--- What the task requires ---
Look through the material below. Return exactly the lines from the one with "iPhonePapers - patrón" through the one with "Cty chuyên cung", both included.

--- Data to examine ---
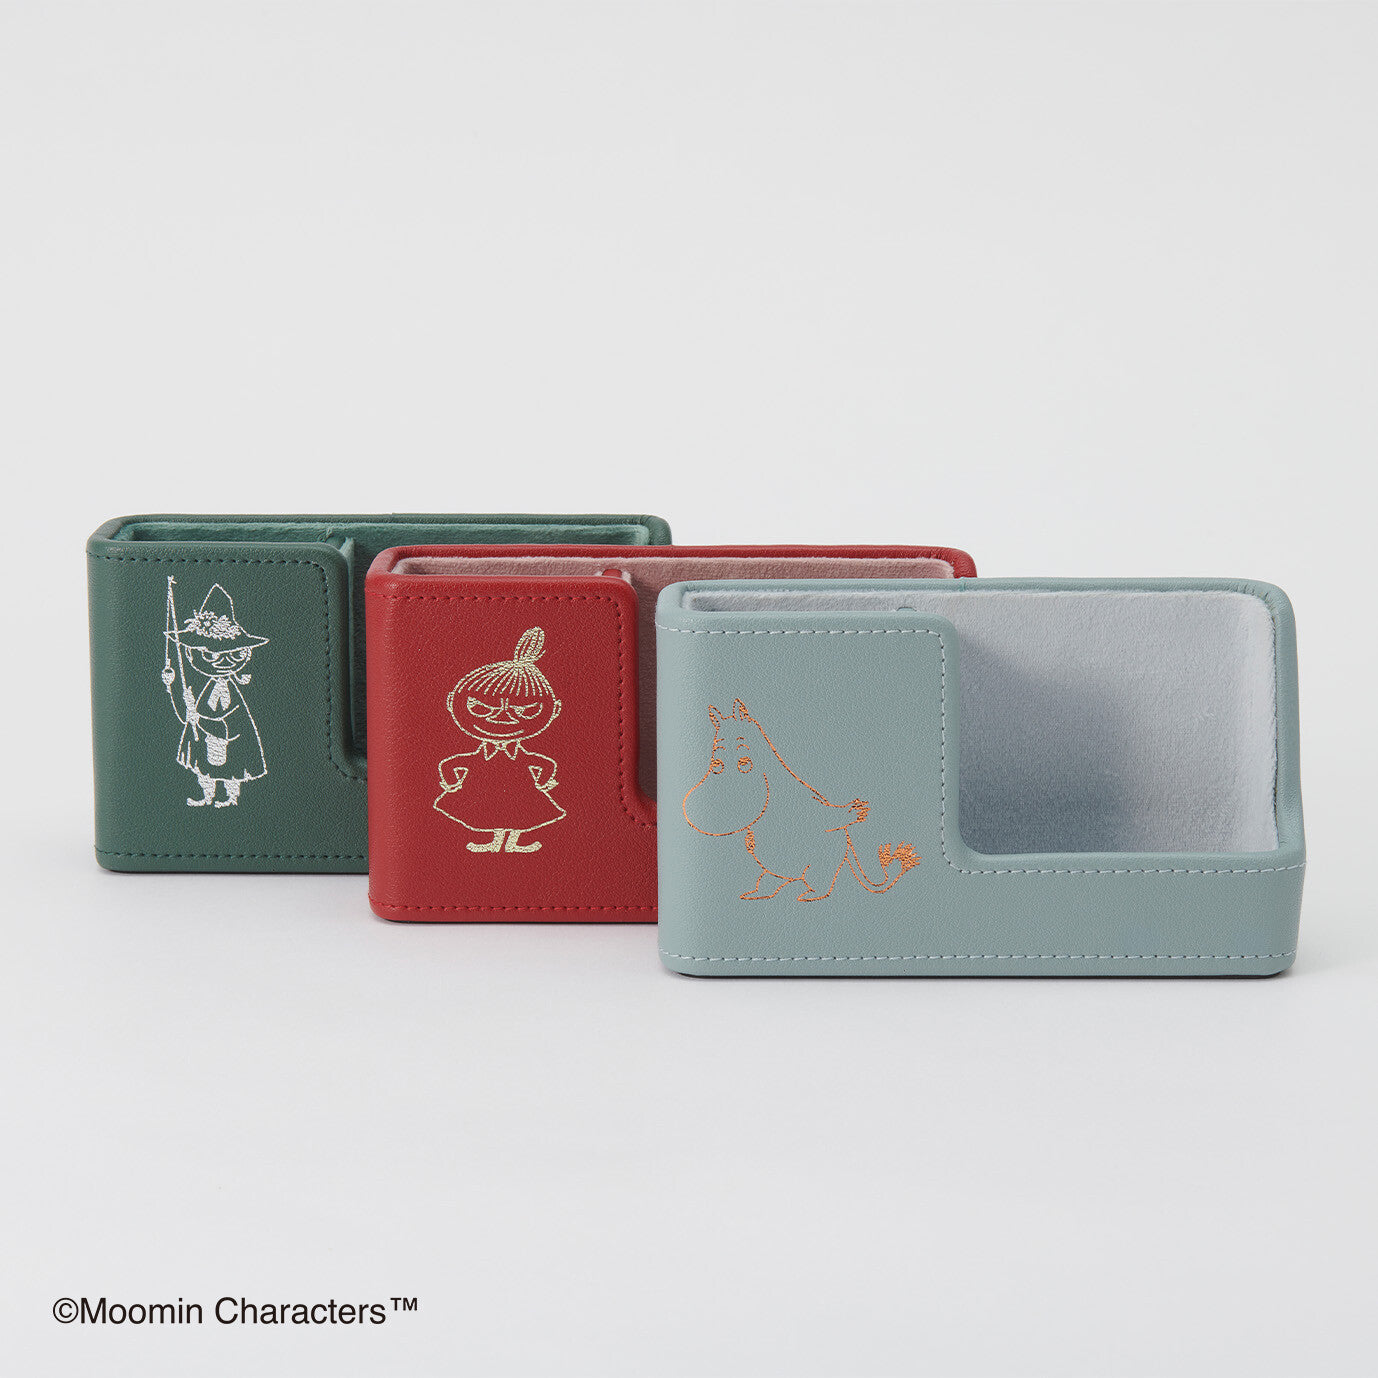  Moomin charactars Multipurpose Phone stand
---
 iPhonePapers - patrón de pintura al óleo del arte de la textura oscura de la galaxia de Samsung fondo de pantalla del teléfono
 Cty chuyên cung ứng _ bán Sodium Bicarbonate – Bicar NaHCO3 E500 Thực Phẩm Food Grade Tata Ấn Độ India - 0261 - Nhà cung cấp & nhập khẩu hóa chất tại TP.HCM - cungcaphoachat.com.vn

--- Answer space ---
 iPhonePapers - patrón de pintura al óleo del arte de la textura oscura de la galaxia de Samsung fondo de pantalla del teléfono
 Cty chuyên cung ứng _ bán Sodium Bicarbonate – Bicar NaHCO3 E500 Thực Phẩm Food Grade Tata Ấn Độ India - 0261 - Nhà cung cấp & nhập khẩu hóa chất tại TP.HCM - cungcaphoachat.com.vn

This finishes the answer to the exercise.